Avete letto bene: anni ’60. Un
periodo di tempo così lontano - storicamente, culturalmente e socialmente - da
apparire quasi remoto. Tanto che, quando io (che son del 1958) guardo alla Tv
fiction, sceneggiati e special su quell’epoca, ho l’impressione di tornare
bambino, allorché, nel bianco e nero d’allora, assistevo (tra la “Nonna del
Corsaro Nero” e “Rin Tin Tin”) ai documentari sulla Prima Guerra Mondiale o
sulla Guerra di Libia.
Non ho personalmente nulla contro
questi signori e non ne faccio (da scoraggiato militante del Pd) una questione
politica: come si può ben vedere, si tratta di esperienze e storie assolutamente
bipartizan. Se poi vi sono dei partiti (Pd e Fi) che li reputano indispensabili, cos’altro si può dire? Niente.
Anzi, nella dialettica antropologica dell’agire pubblico italico - per cui si è
fessi se si rinuncia comunque a qualcosa e s’è furbi se s’acchiappa al volo l’occasione
- chissà, forse faranno anche bene (per amor di verità, c’è da dire che Roberto
Campaner aveva manifestato, anche per queste ragioni, la propria intenzione di
farsi da parte: disponibilità rigettata per non stravolgere una serie di
equilibri). E, in ogni caso, le spiegazioni (sempre che si degnino a concederle)

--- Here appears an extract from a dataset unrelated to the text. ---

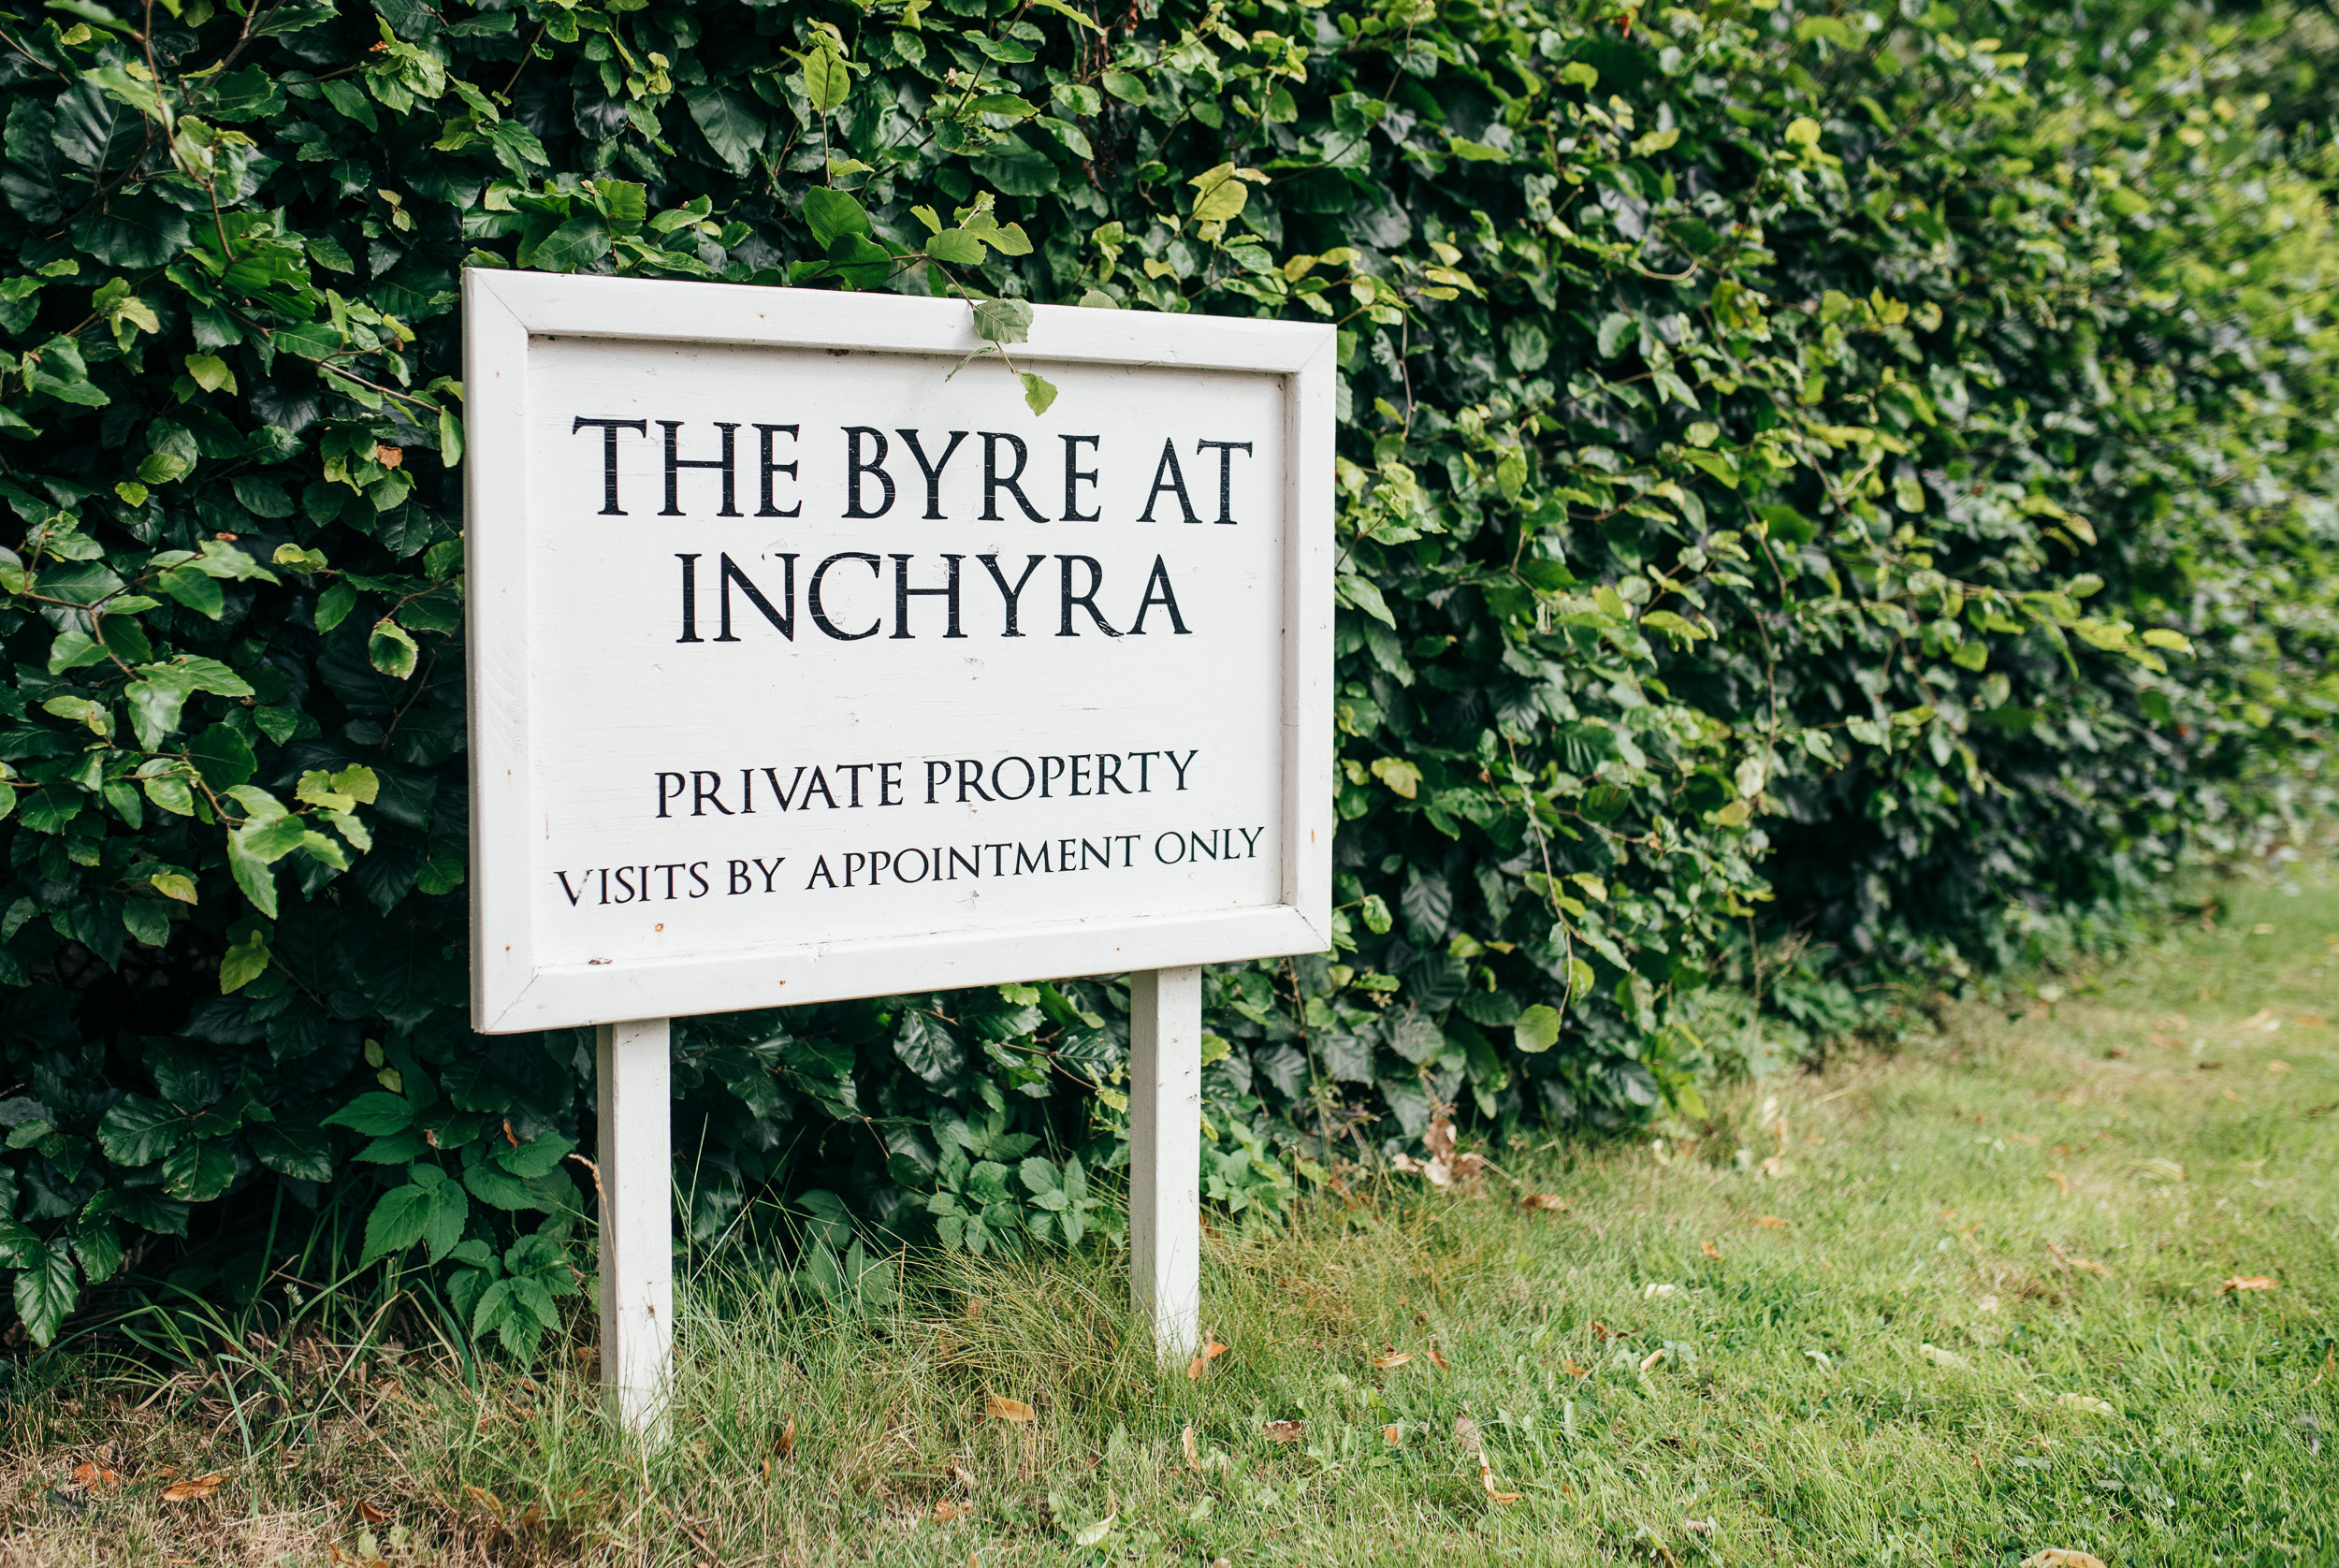 They Byre at Inchyra
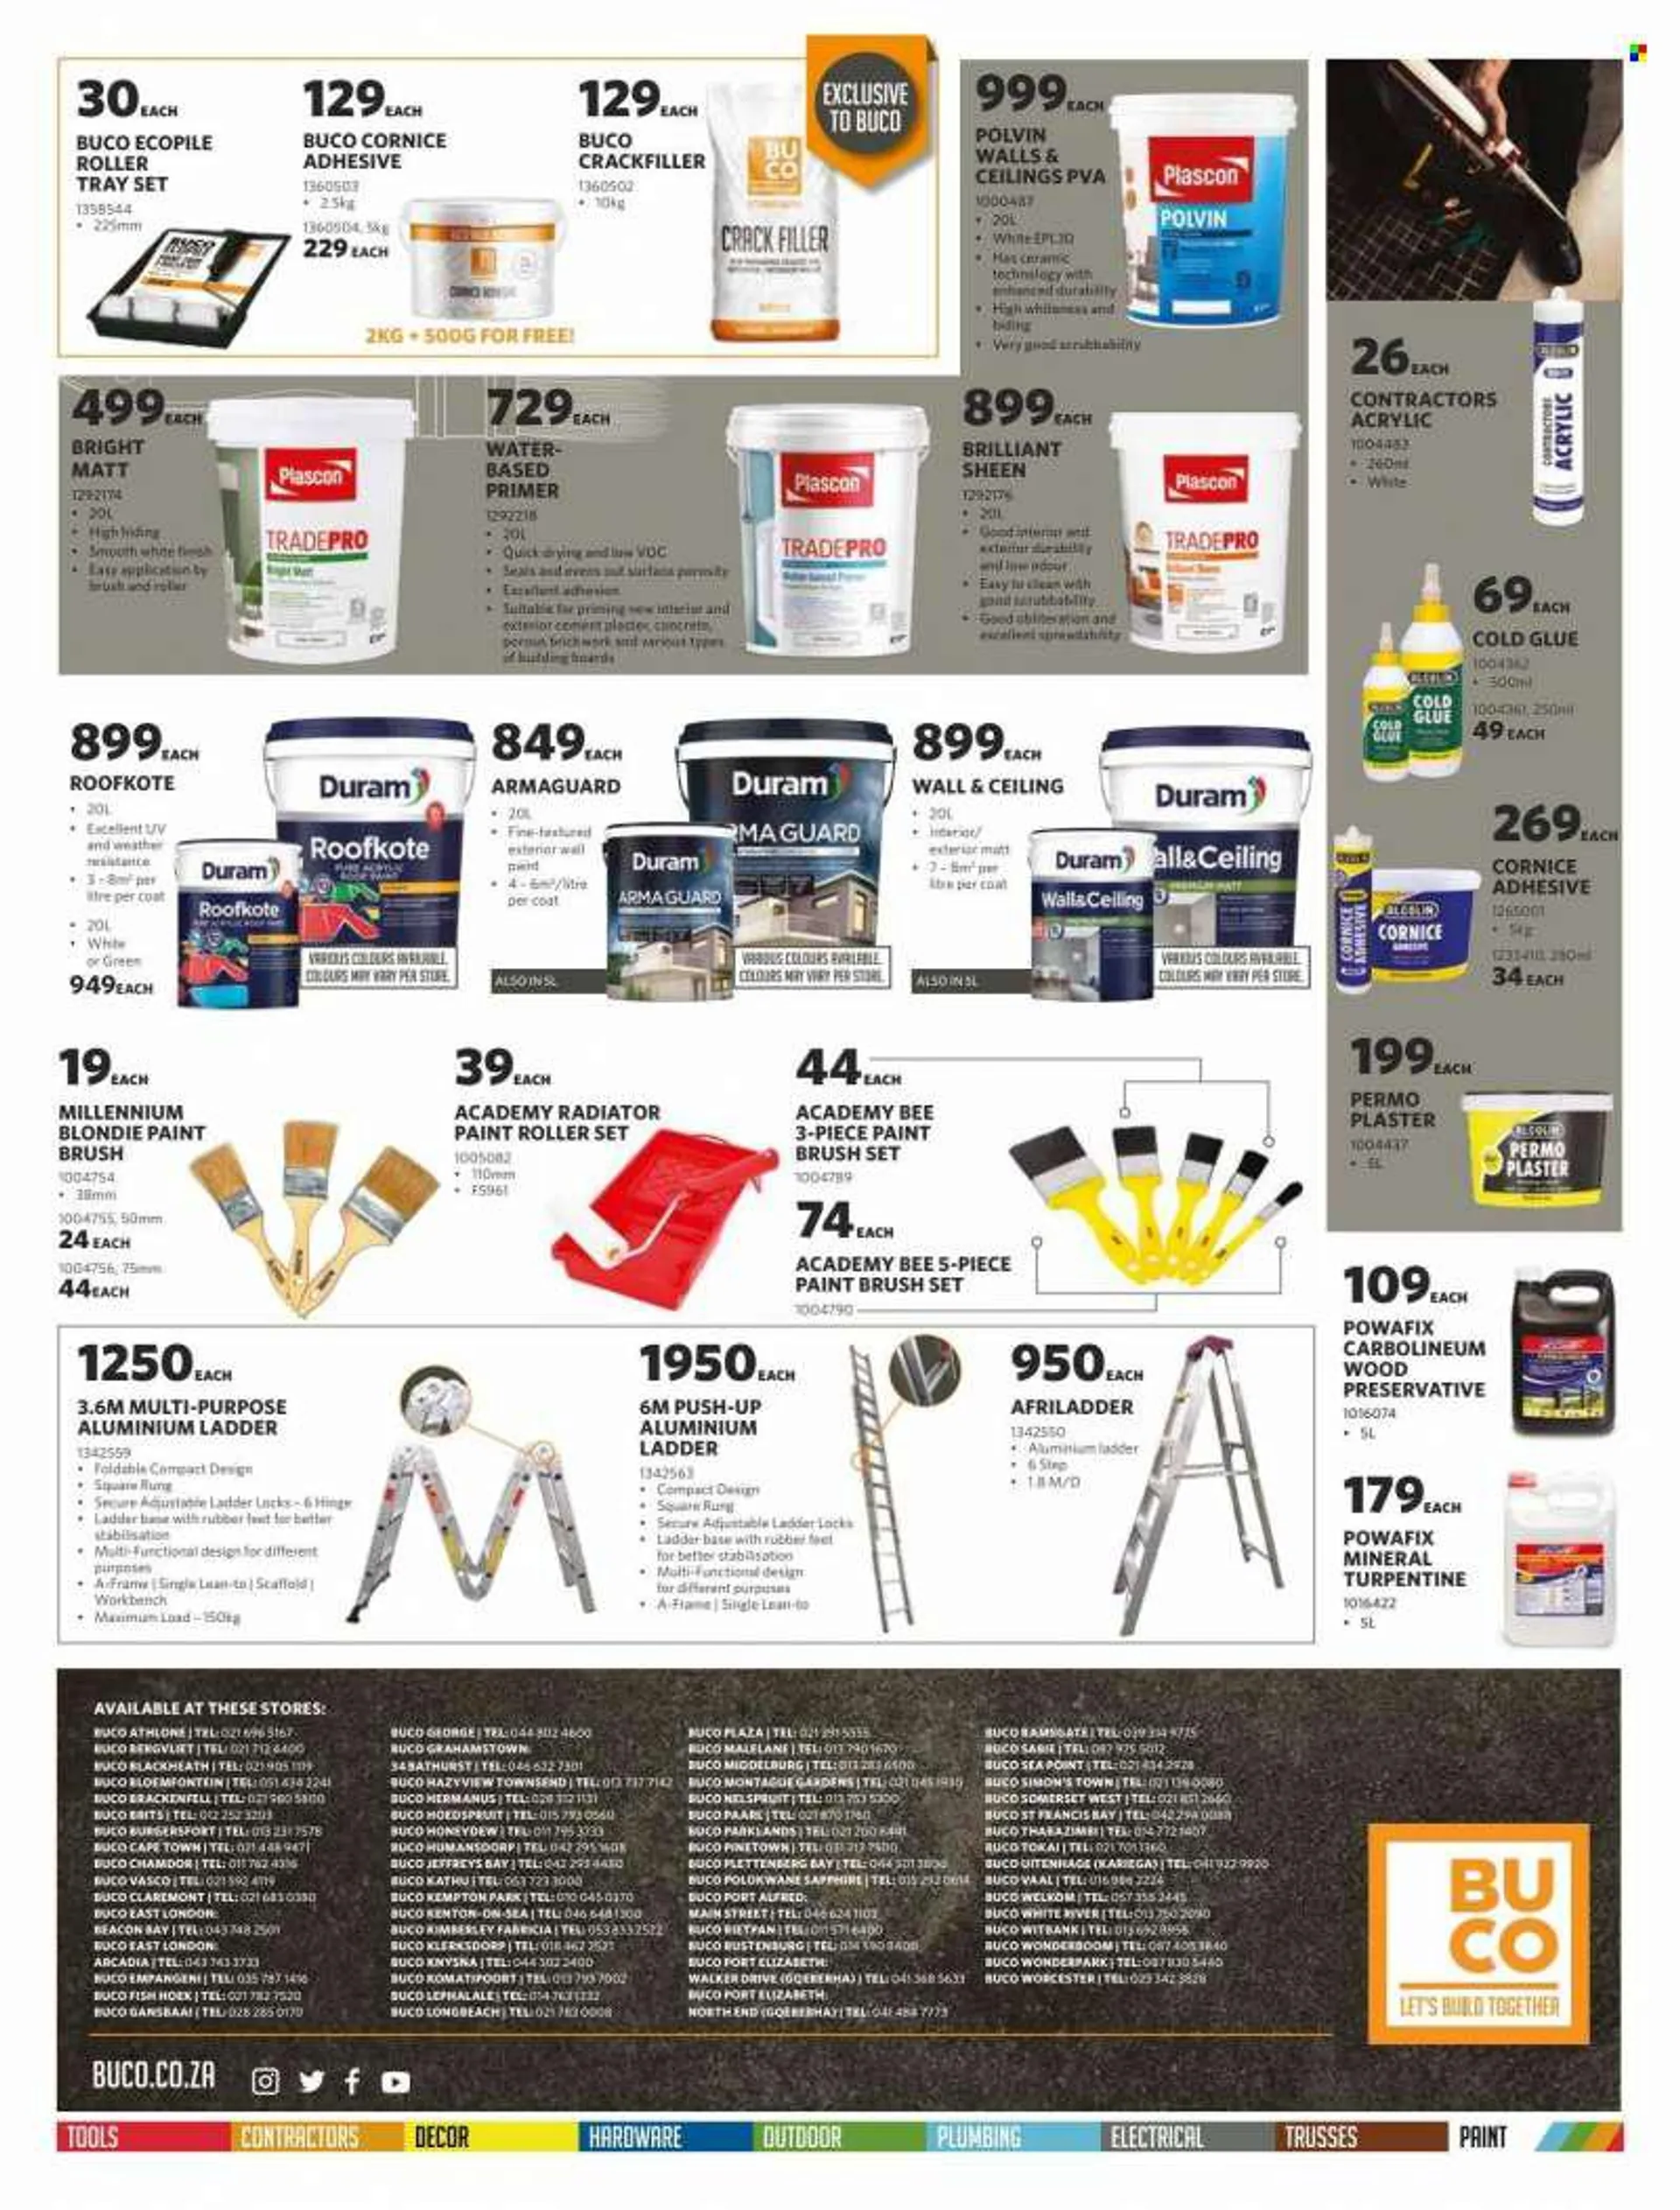 BUCO catalogue  - 22/06/2022 - 10/07/2022 - Sales products - kettle, roller, ladder, glue, adhesive, paint brush, brush set, roller tray set, Duram, work bench, roof paint. Page 4.

che darebbero i capataz di partito sarebbero che non si può rinunciare a
cotanta mole di esperienza e capacità (quando invece, molto più prosaicamente,
si tratta per lo più di debitucci elettorali da onorare; di ambizioni da
vellicare per personalità che si presumono in qualche modo ancora portanti; di
giovani lupacchiotti da tenere alla larga, ecc.). Non ne faccio nemmanco una
questione morale: non mi son mai piaciuti i fervorini col ditino alzato, neppure
quando, nella Sinistra, erano il pane quotidiano. Mi limito ad alcune
considerazioni di costume.
D’acchito, così, a livello di
pelle, questa notizia mi aveva procurato una subitanea ancorché effimera sensazione
di euforia: mi sono rivisto ragazzo, quando noi, poveri str…, muovevamo i primi
ingenui eppure esaltanti passi politici e questi signori, già adulti e navigati,
erano i primi cittadini nelle loro Comunità: insomma, un commovente tuffo di
giovinezza. Ma questa traccia epidermica s’è ben presto disvelata tale,
lasciando il posto ad una terragna condizione di malinconia, che ha partorito
mestamente altre riflessioni, molto più (appunto) terra terra, incentrate più
che altro sul concetto di buon gusto. Mi sono chiesto: è mai possibile, Santo
Dio, che non esista una moglie, un figlio, un amico, un prete, un consulente
geriatrico, un’amante che dica loro: “Basta,
basta: hai già dato (e avuto…)!” E che, prendendoli teneramente per mano e
facendoli sdraiare sul lettino, si sforzi di indagare con loro le cause di
questo singolare comportamento. Che è poi riconducibile ad un’unica, insopprimibile
ragione di fondo: la paura fottuta di crepare. Di morire: politicamente e
socialmente. E di morire comunque. Di non essere più. Una paura che tutti
abbiamo (Homo sum, nihil humani a me alienum
puto). Ma la stragrande maggioranza di noi, timorosi della morte ma anche
del ridicolo, non per questo chiede di essere infilato nel CdA di qualche ente
(od ovunque altro porti il venticello di questi anni deprimenti).